Overview: Intron 22 Inversion TestIntroduction: The Intron 22 Inversion Test tests for intron 22 inversion in the F8 gene to diagnose hemophilia A, causing excessive bleeding or bruising, aiding in genetic diagnosis. Affecting 1 in 5,000 males, hemophilia A poses diagnostic challenges due to variable severity. Following 2023 National Hemophilia Foundation (NHF) guidelines, it uses PCR for high accuracy, supporting molecular pathology screening. This test is essential for diagnosis, genetic counseling, and improving outcomes in hematology.
Other Names: F8 Intron 22 Test, Hemophilia A Gene Assay.
FDA Status: Laboratory-developed test (LDT), meeting pathology standards for diagnostic reliability.
Historical Milestone: F8 gene testing began in the 1990s with research by Lakich, who identified the inversion. PCR advancements in the 2000s by Applied Biosystems improved detection, surpassing earlier Southern blot methods.
Purpose: Detects intron 22 inversion to diagnose hemophilia A, guides factor replacement therapy, and evaluates patients with bleeding, aiming to manage disease.
Test Parameters: Intron 22 inversion status
Pretest Condition: No special preparation required. Collect whole blood, buccal swab, or saliva. Report history of bleeding disorders.
Specimen: Whole Blood (EDTA, 3-5 mL), Buccal Swab (sterile swab, 1-2 swabs), Saliva (sterile container, 1-2 mL); 4 mL whole blood in EDTA tube. Transport in a biohazard container.
Sample Stability at Room Temperature: 24 hours
Sample Stability at Refrigeration: 1 week
Sample Stability at Frozen: 1 month
Medical History: Document excessive bleeding or bruising. Include current medications or family history.

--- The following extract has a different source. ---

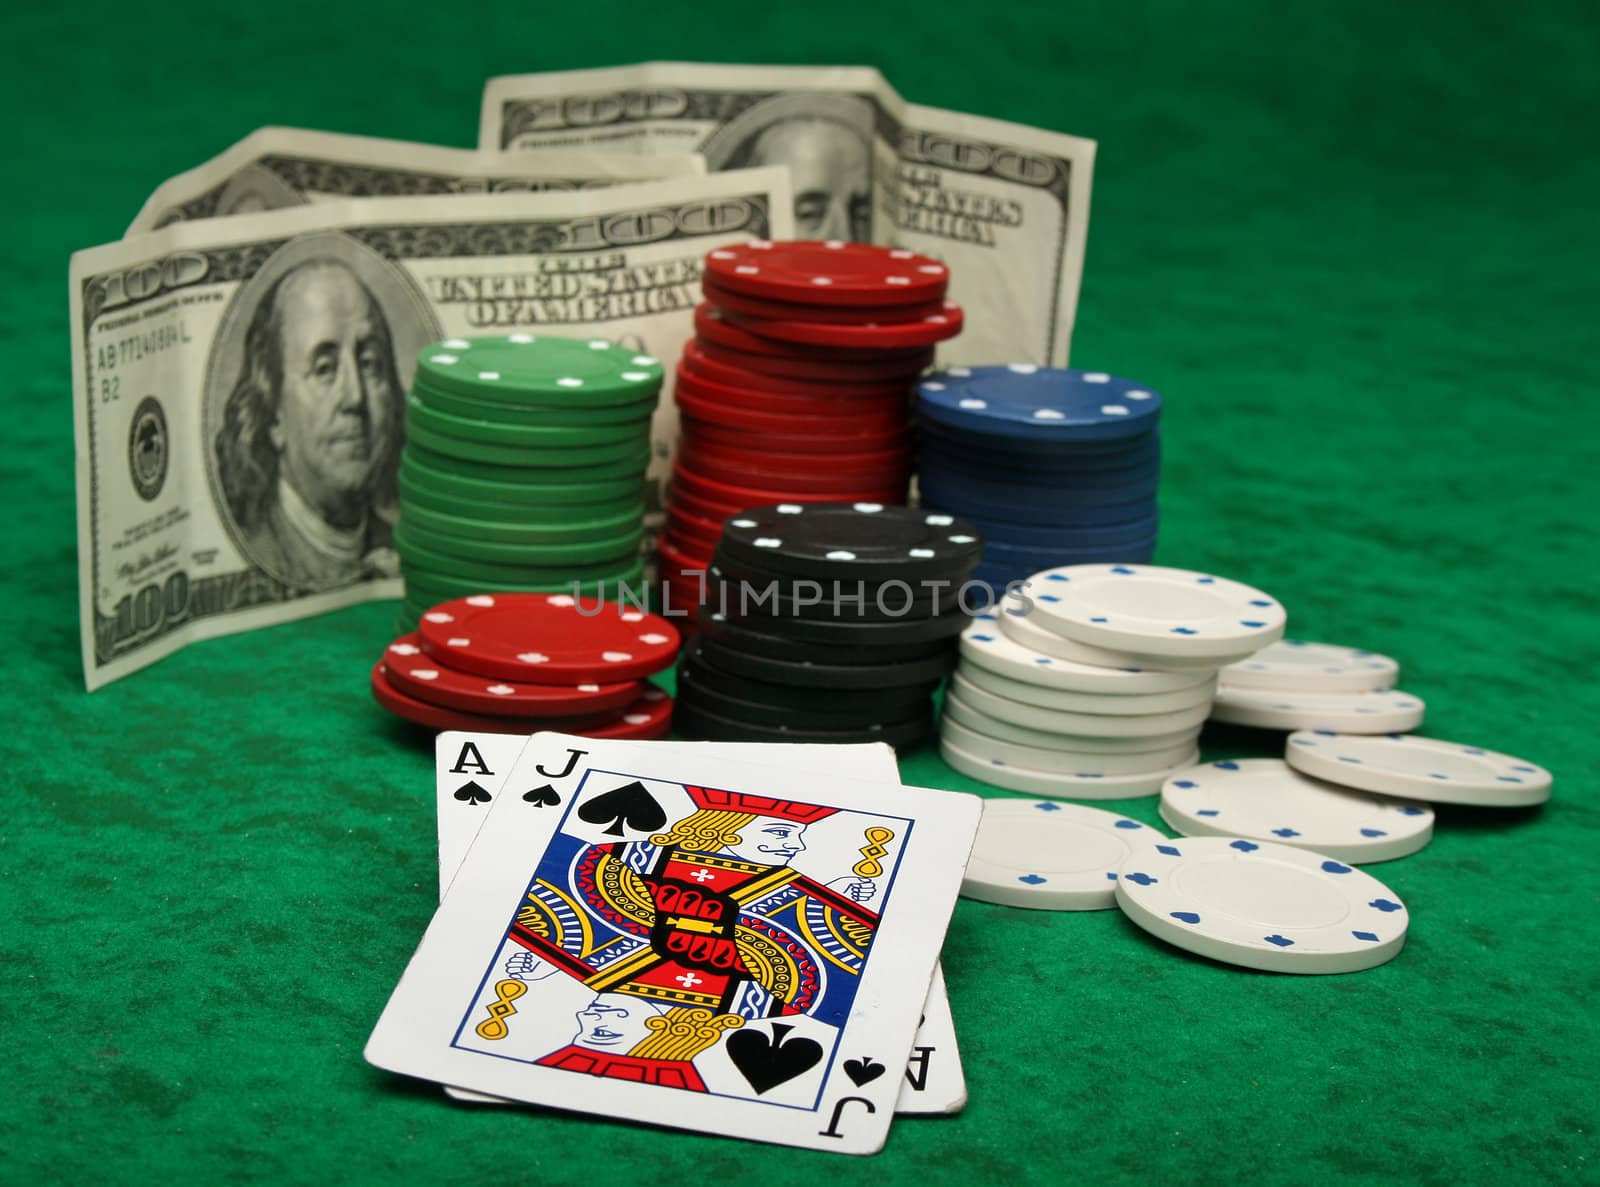 Blackjack with gambling chips by Erdosain

Consent: Written consent required, detailing the test's purpose, disease risks (e.g., hemorrhage), and sample collection risks.

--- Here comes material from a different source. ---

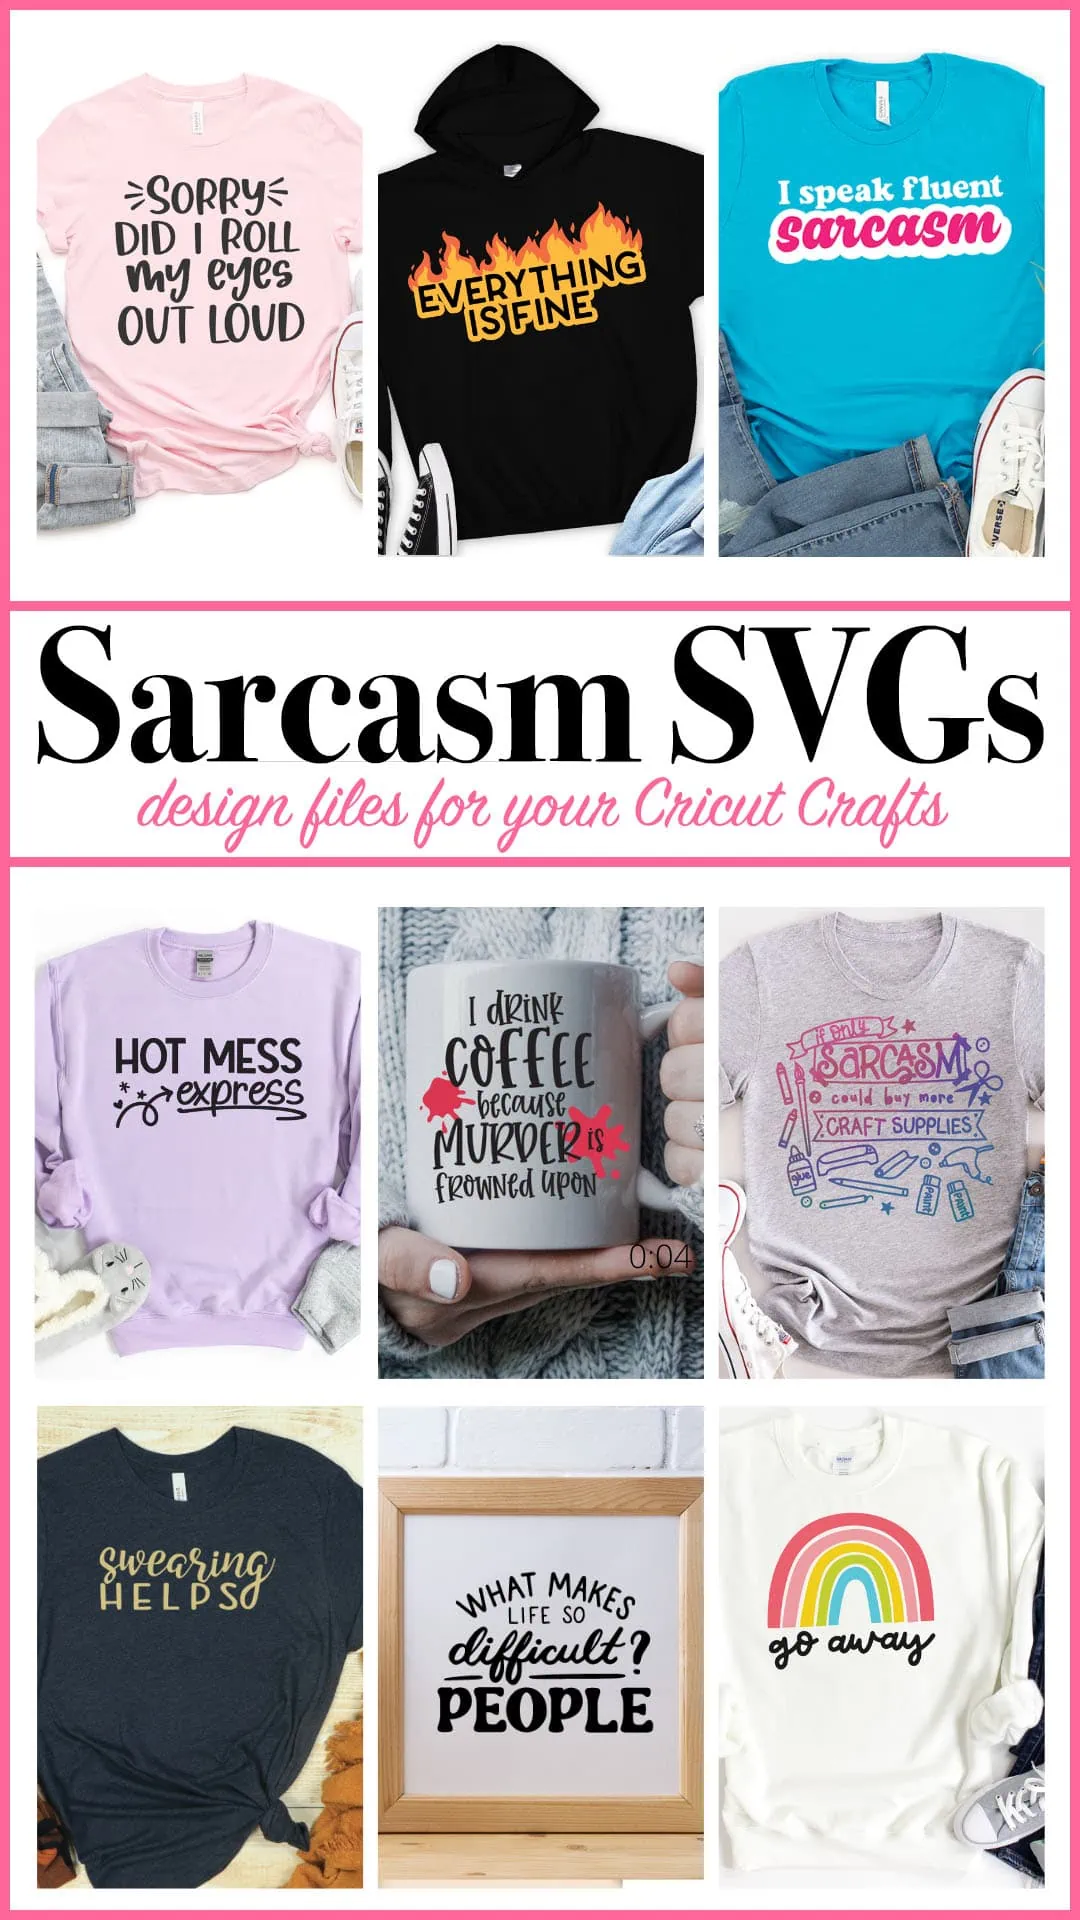 Sarcastic SVG designs for Cricut crafts

Procedural Considerations: Uses PCR to detect inversion, requiring labs with thermal cyclers. Results available in 5-7 days. Performed in labs with strict handling.
Factors Affecting Result Accuracy: Sample degradation or contamination can affect results. Medications may not affect results but require correlation.
Clinical Significance: Positive inversion confirms hemophilia A, guiding therapy. Early management might prevent complications, while untreated cases lead to death. Normal results may require other F8 tests.
Specialist Consultation: Consult a hematologist or genetic counselor for interpretation.
Additional Supporting Tests: Factor VIII levels, PT/PTT, or genetic panel to confirm diagnosis.
Test Limitations: Specific to intron 22; correlation with clinical status needed. False negatives possible with other mutations.
References: NHF Guidelines, 2023; Nature Genetics, Lakich D, 2022.